Problem to solve
Would you please copy the part of the material below that opens with the line containing "Batería Panasonic HHR-P105, TYPE" and closes with the line containing "Kiss imPRESS Color"? Copy it exactly, and only it.
[Stored data — start]
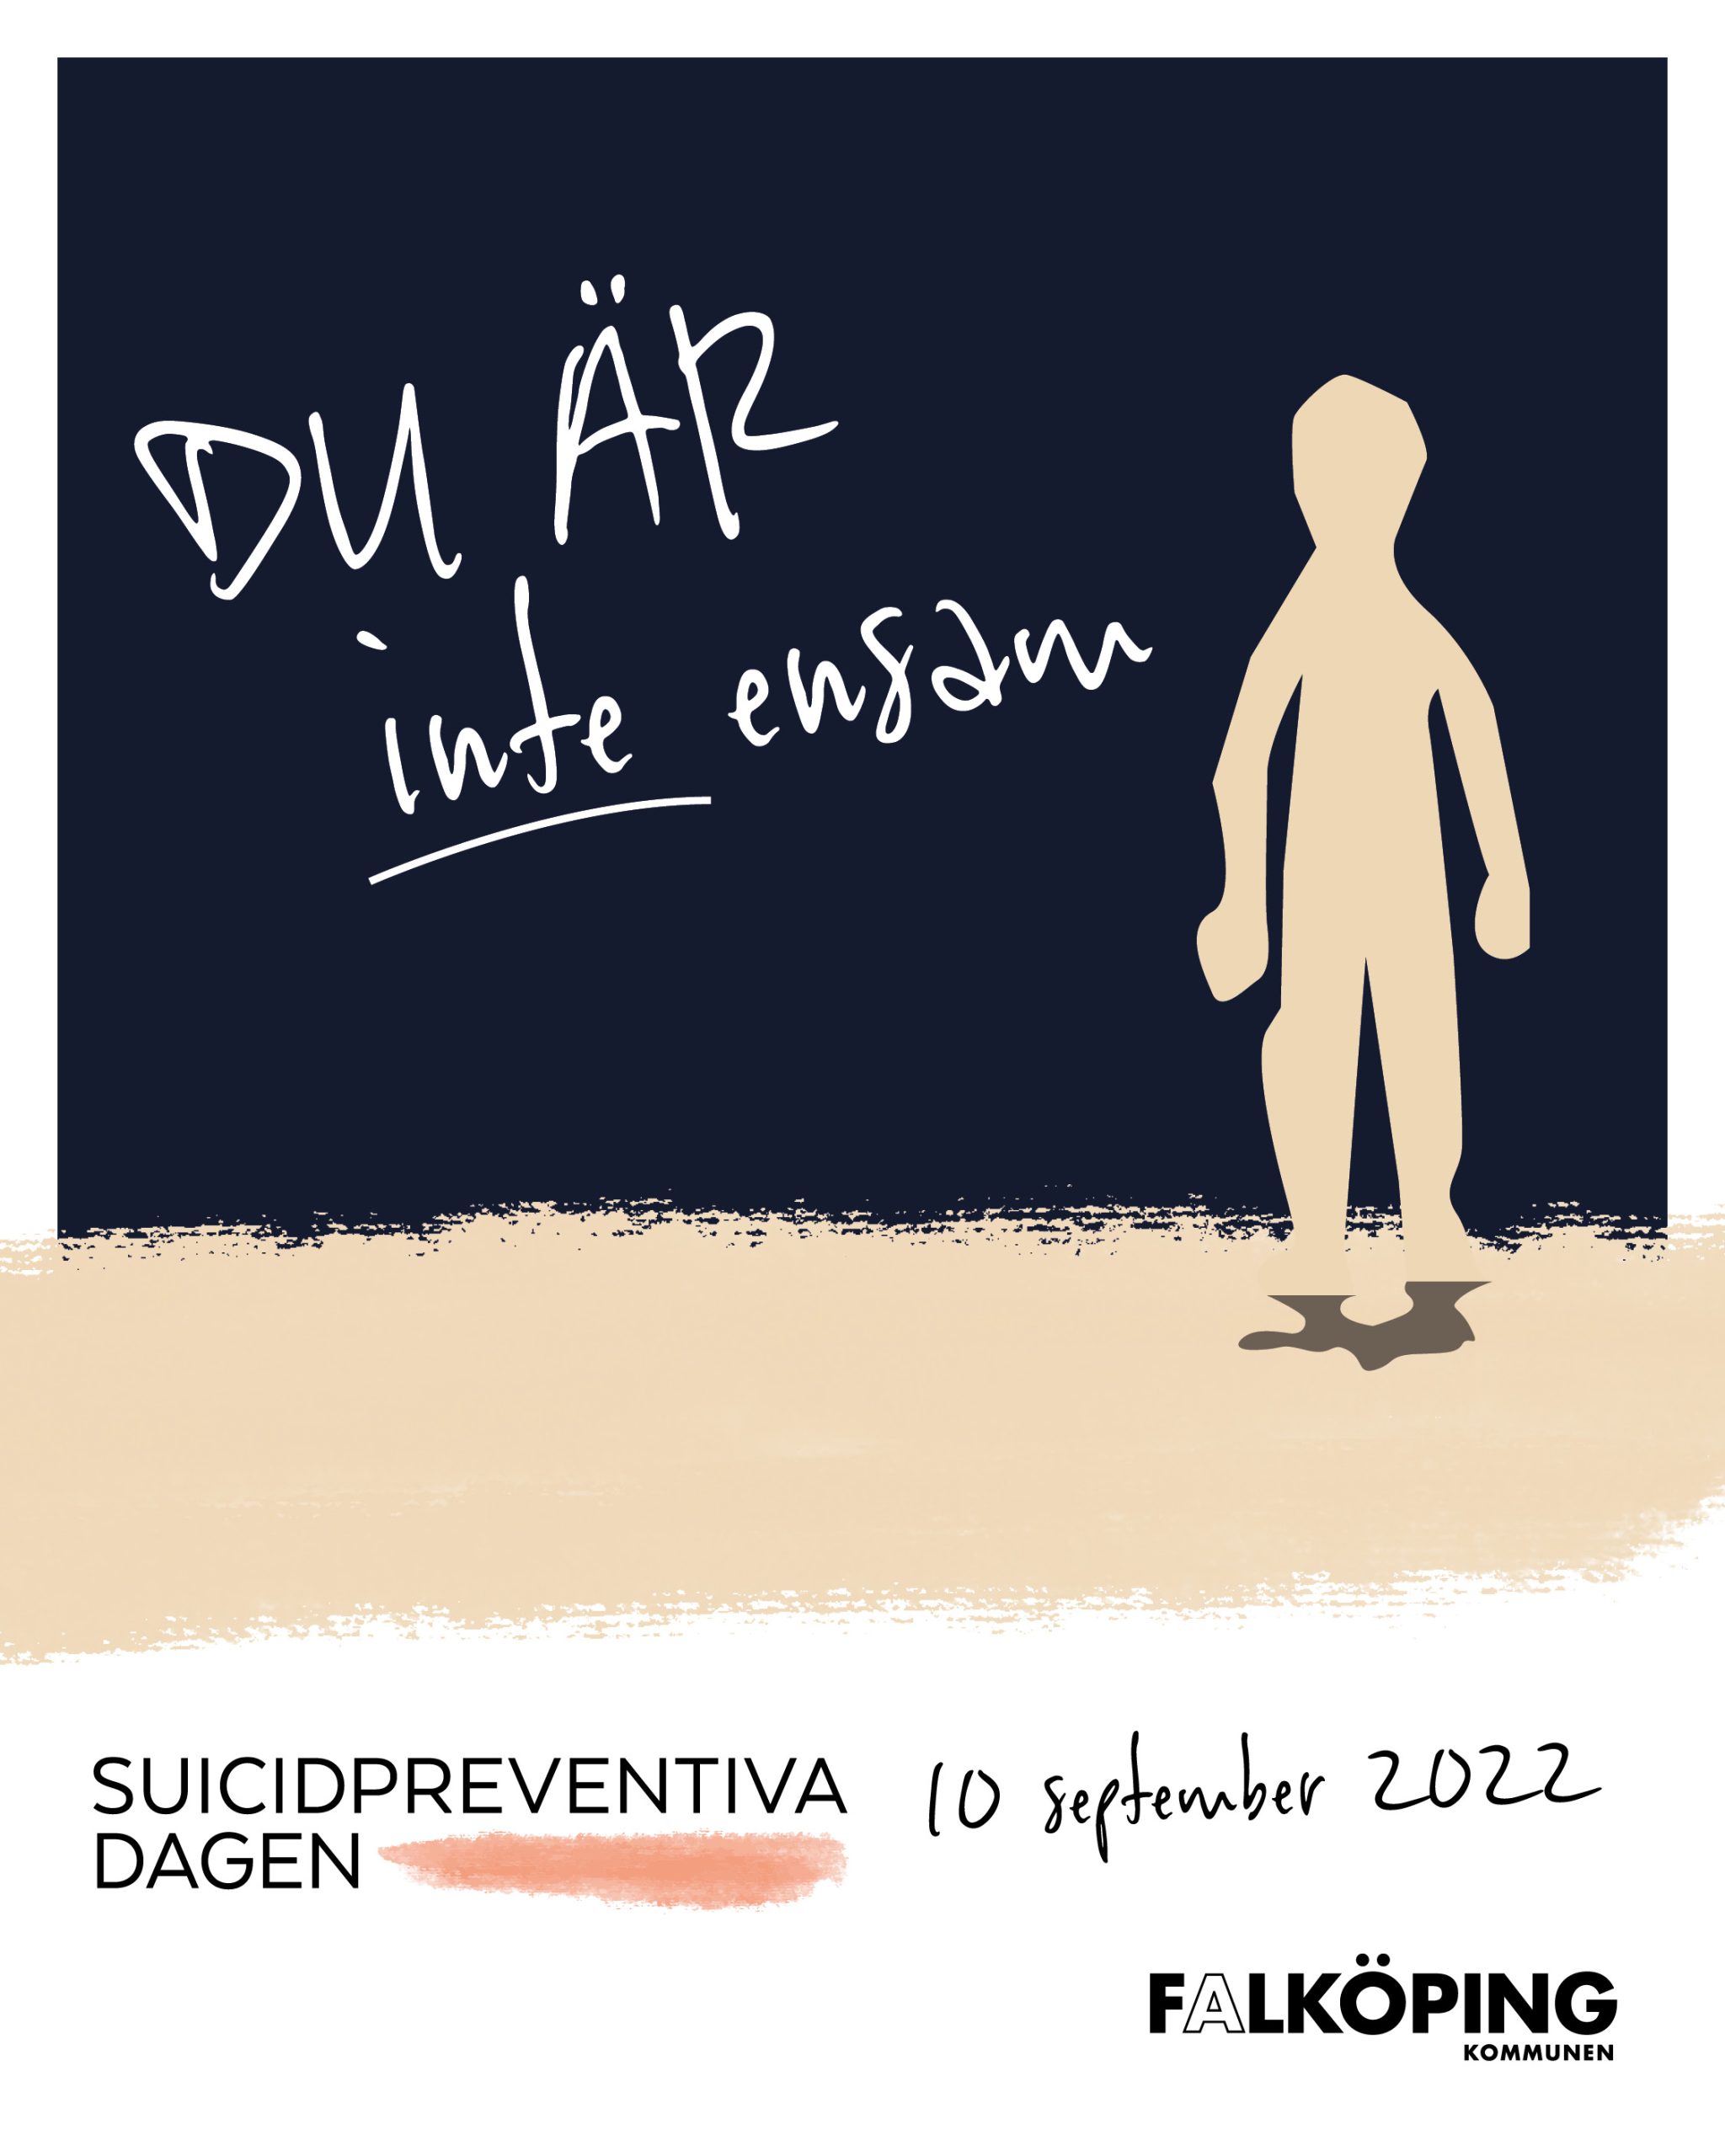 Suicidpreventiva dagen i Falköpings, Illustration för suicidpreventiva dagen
[Stored data — finish]
[Stored data — start]
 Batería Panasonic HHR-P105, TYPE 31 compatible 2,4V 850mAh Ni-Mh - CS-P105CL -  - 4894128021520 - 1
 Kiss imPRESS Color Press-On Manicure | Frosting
[Stored data — finish]
Worked solution
 Batería Panasonic HHR-P105, TYPE 31 compatible 2,4V 850mAh Ni-Mh - CS-P105CL -  - 4894128021520 - 1
 Kiss imPRESS Color Press-On Manicure | Frosting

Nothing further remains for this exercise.